C’è sempre una soluzione. Sfortunatamente ci troviamo di fronte a due ordini di problemi. Da un lato c’è la guerra tra Israele e Hezbollah, e i danni che ne derivano sul fronte interno. Dall’altro, i problemi con cui conviviamo in Libano ormai da 30/40 anni. Ritengo che oggi la priorità sia fermare la guerra e raggiungere un cessate il fuoco. Ma non basta invocarlo. Sono mesi che il nostro premier continua a chiederlo. C’è una sola strada per raggiungere questo obiettivo: il Governo libanese deve dichiarare con forza che si impegnerà ad attuare le risoluzioni del Consiglio di Sicurezza numero 1.559 (che prevede il disarmo di tutte le milizie, ndr), 1.680 e 1.701 (che prevede invece il ritiro delle forze di Hezbollah al di là del fiume Litani).
Tutto parte da questo punto. C’è tuttavia una via migliore: eleggere il nuovo presidente. In Libano oggi non c’è uno vero Stato. Da due anni siamo senza presidente e con un Governo ad interim. Abbiamo bisogno di un presidente che si impegni a implementare le risoluzioni Onu. È il solo modo per raggiungere un cessate il fuoco. Il resto viene dopo.

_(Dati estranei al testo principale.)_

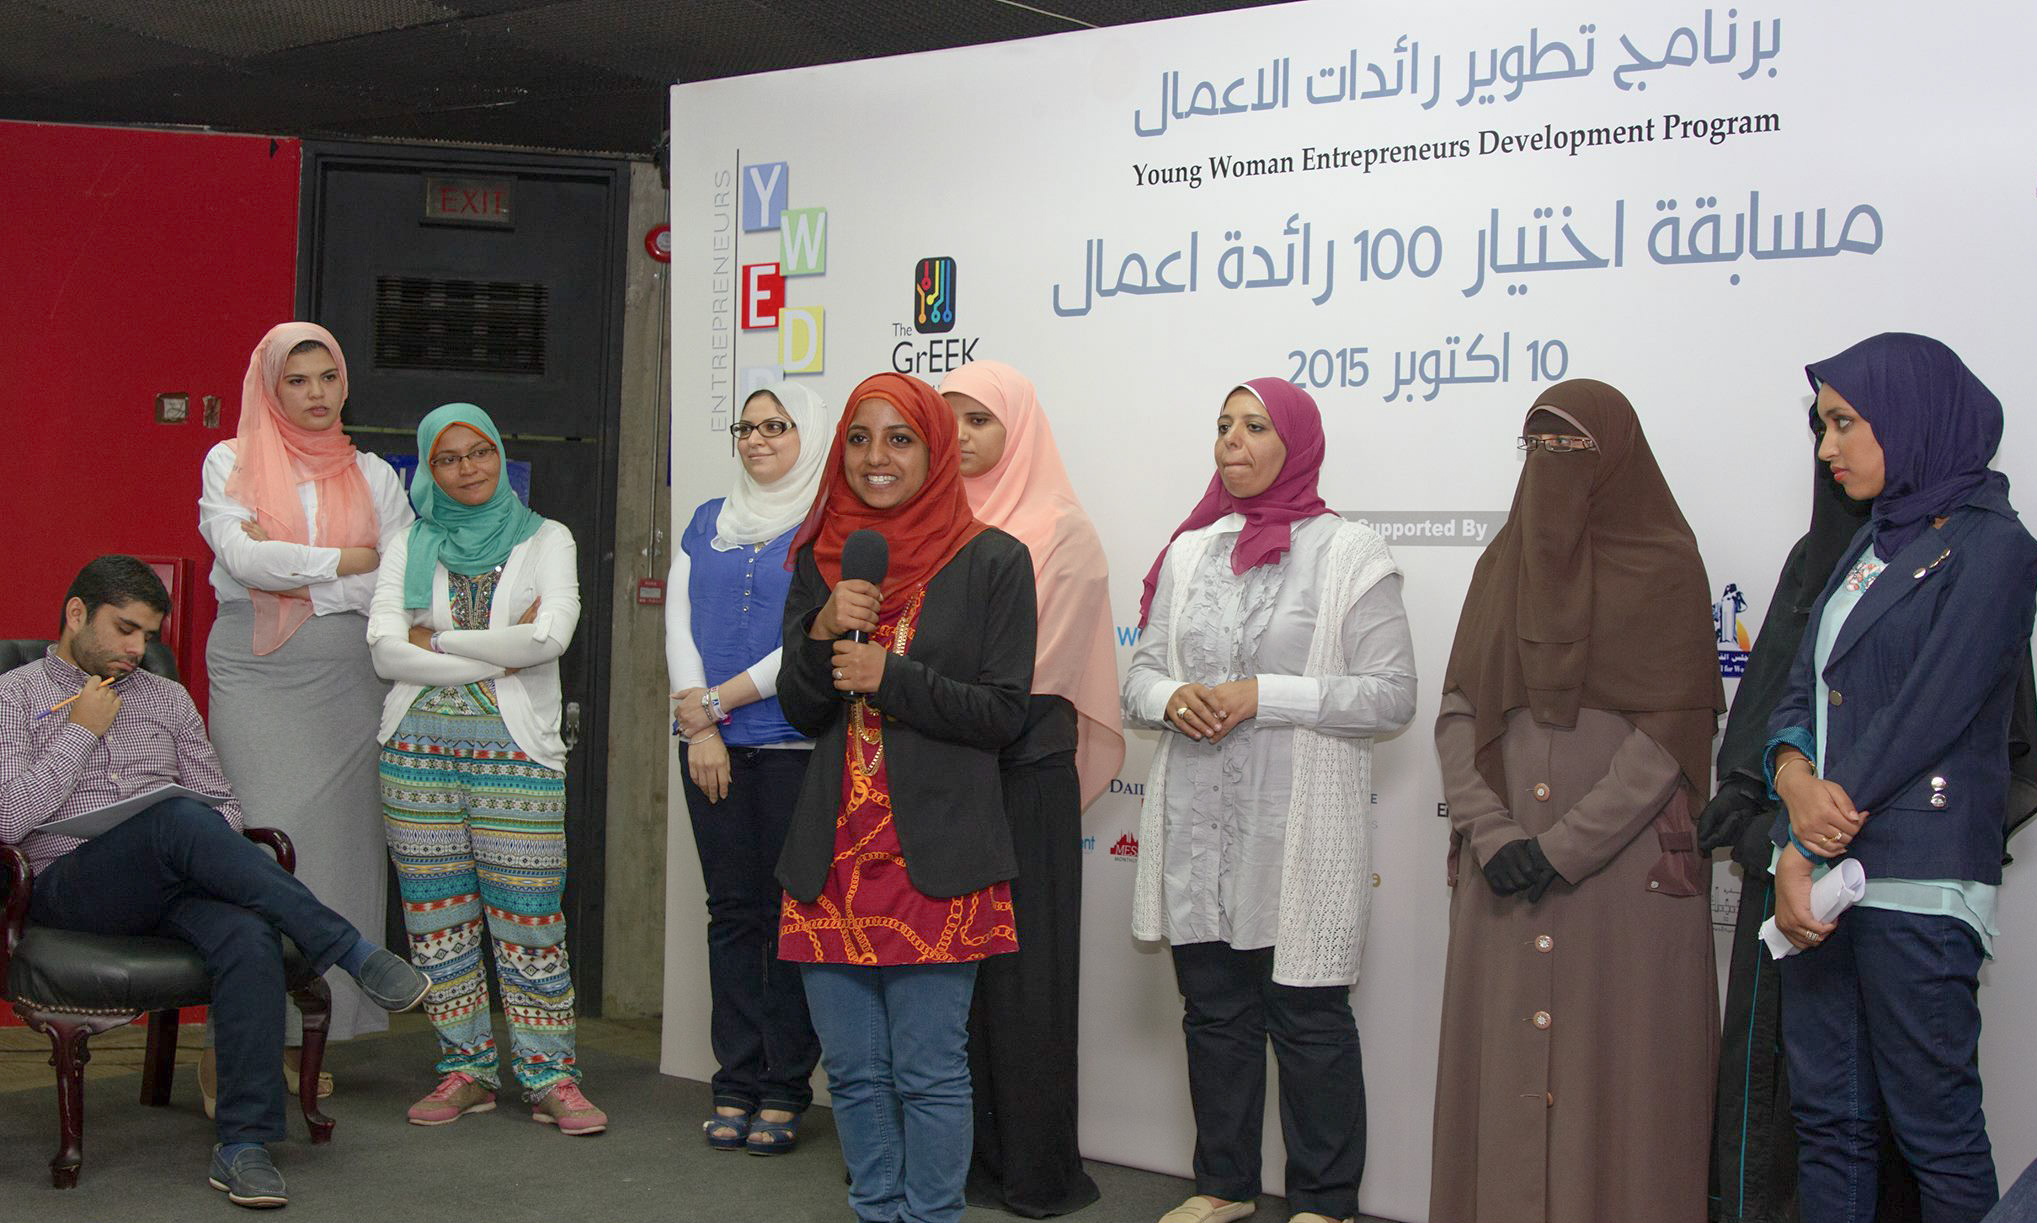 Young women entrepreneurs from Upper Egypt and rural areas pitching their business ideas at the Greek Campus, October 11, 2015.

Perché non siete ancora riusciti ad eleggere il capo di Stato ?
Perché l’Asse della Resistenza (da Hezbollah all’Iran) non accetta vere elezioni. Vogliono partecipare a una sessione elettorale solo se sapranno prima chi sarà nominato presidente. Non avendo la maggioranza in Parlamento, non possono imporre il loro candidato. Ne avevano uno, Frangieh Suleiman. Hanno cercato di imporlo. Non ci sono riusciti. Allora hanno paralizzato l’elezione.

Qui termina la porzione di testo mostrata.